OPINION                             JUDGMENT ENTRY
 STATEMENT OF THE FACTS AND CASE
{¶ 1} The facts indicate that RR Visual, Inc. ("RR") was the owner of a Hummer motor vehicle which it acquired for business purposes in 1999. In early 2001, it placed an advertisement in a trade publication to sell such vehicle.
{¶ 2} One Kelly Davis, calling herself Tameka Lewis, contacted RR as to buying the Hummer.
{¶ 3} She made arrangements with RR whereby the latter would bring the Hummer to Detroit and that she would provide a cashier's check for the $45,000 purchase price.
{¶ 4} A delay in her arriving to complete the sale occurred causing some concern to RR, but she did arrive, provided the check and received the vehicle.
{¶ 5} The check was counterfeit and various law enforcement agencies were notified.
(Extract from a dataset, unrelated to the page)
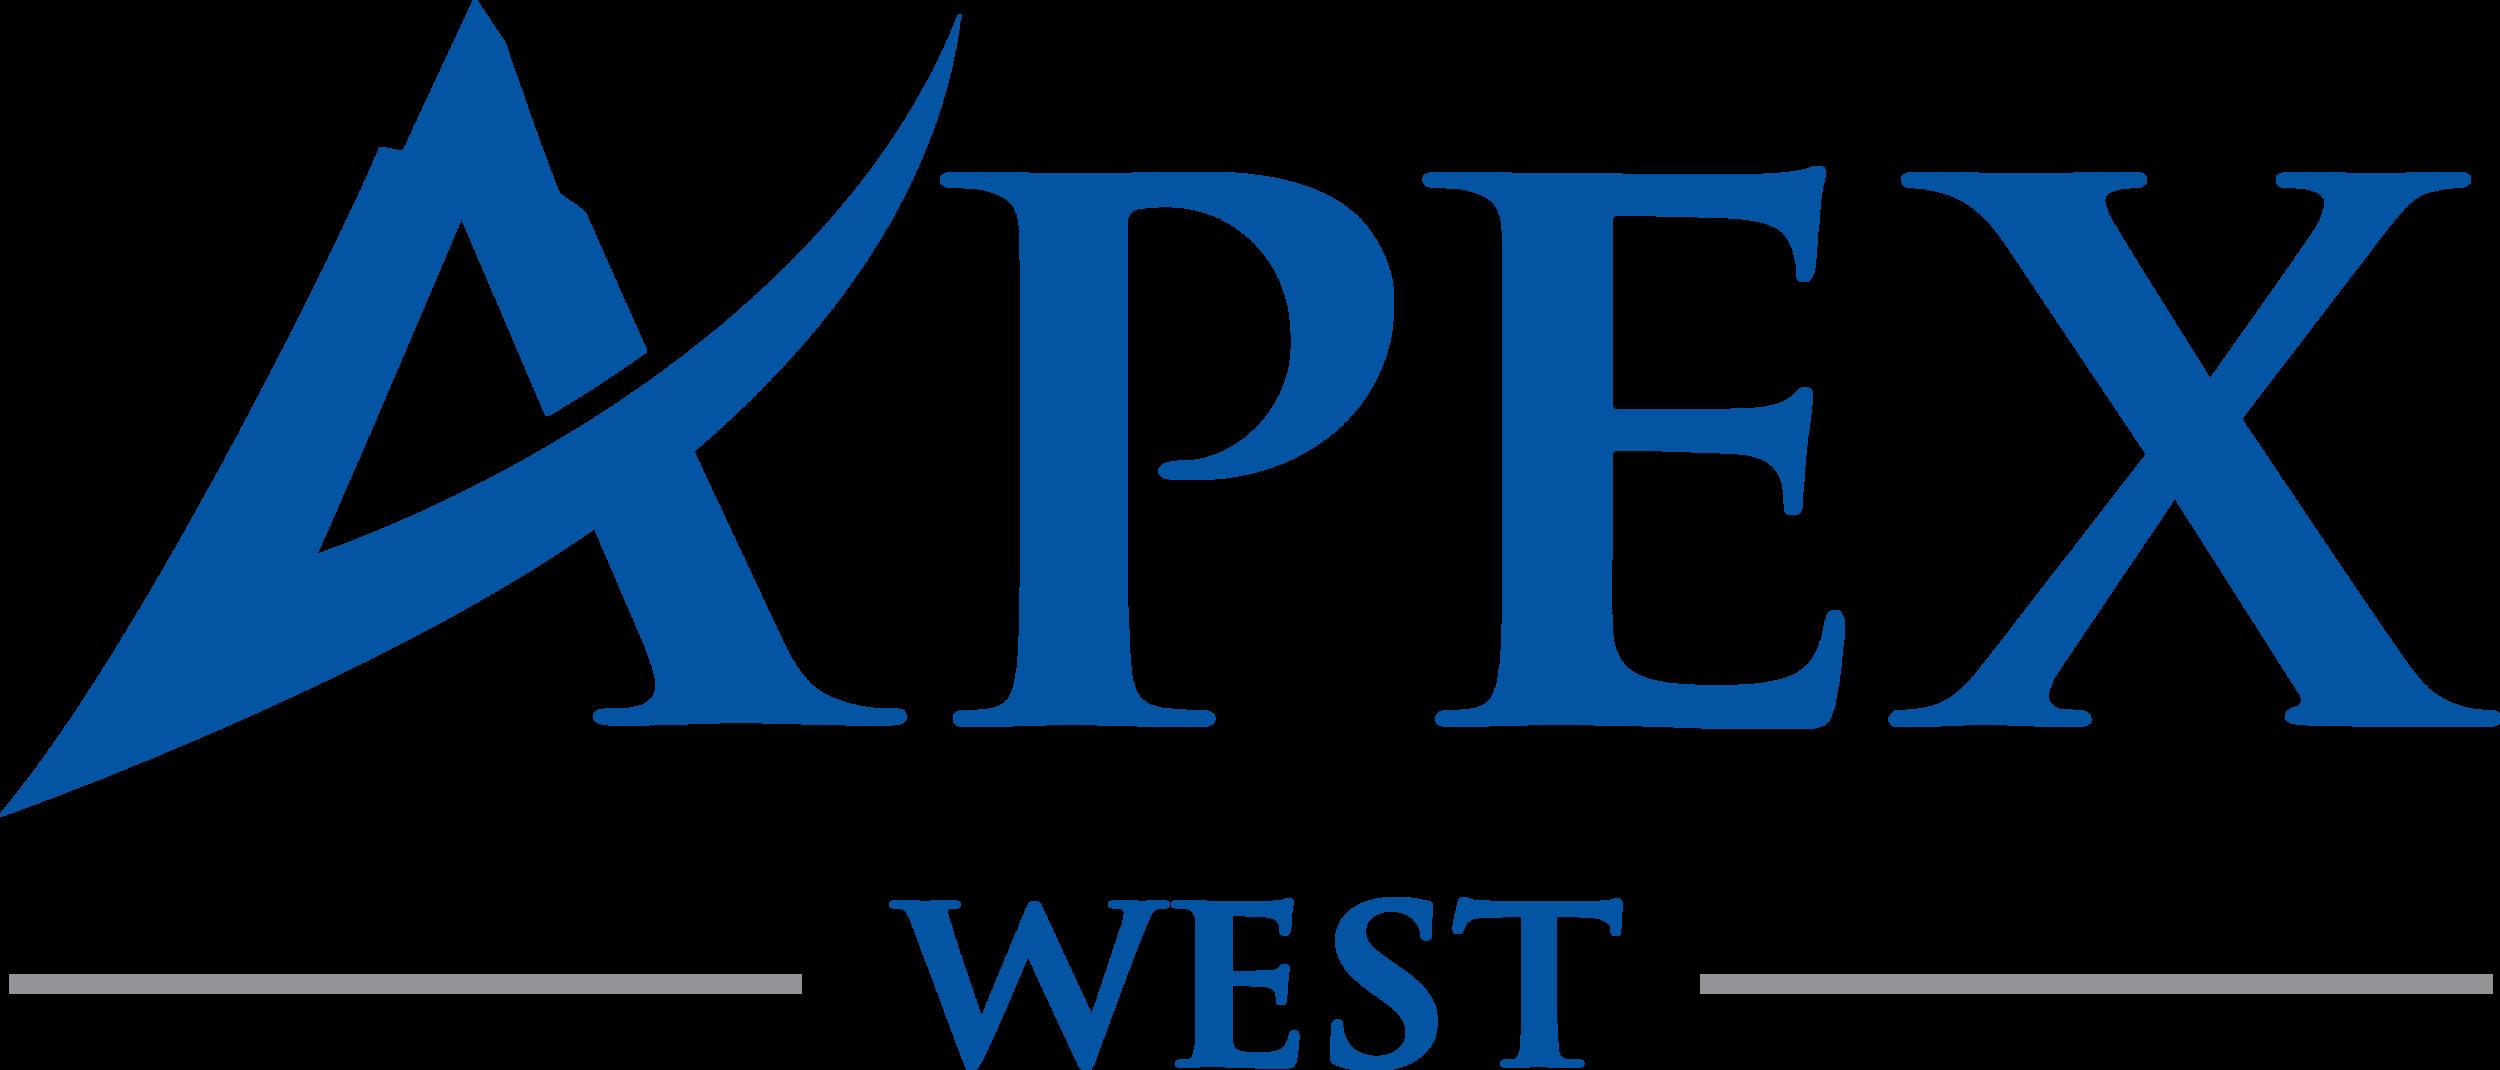 Apex West_Final logo.png

The vehicle identification number ("VIN number") was entered into the National Computer database ("NCIC") as a stolen vehicle and into that maintained by the Michigan Secretary of State.
{¶ 6} As Tameka Lewis, Davis obtained a Michigan certificate of title and subsequently a duplicate thereof. On the same day, February 27, 2001, that the duplicate was issued, the Michigan Secretary of State issued a stop action order as to transfer of such vehicle.
{¶ 7} On the next day, Davis sold the Hummer to L.A. Trading Co. ("L.A."), a licensed used car dealership in Detroit for $12,000.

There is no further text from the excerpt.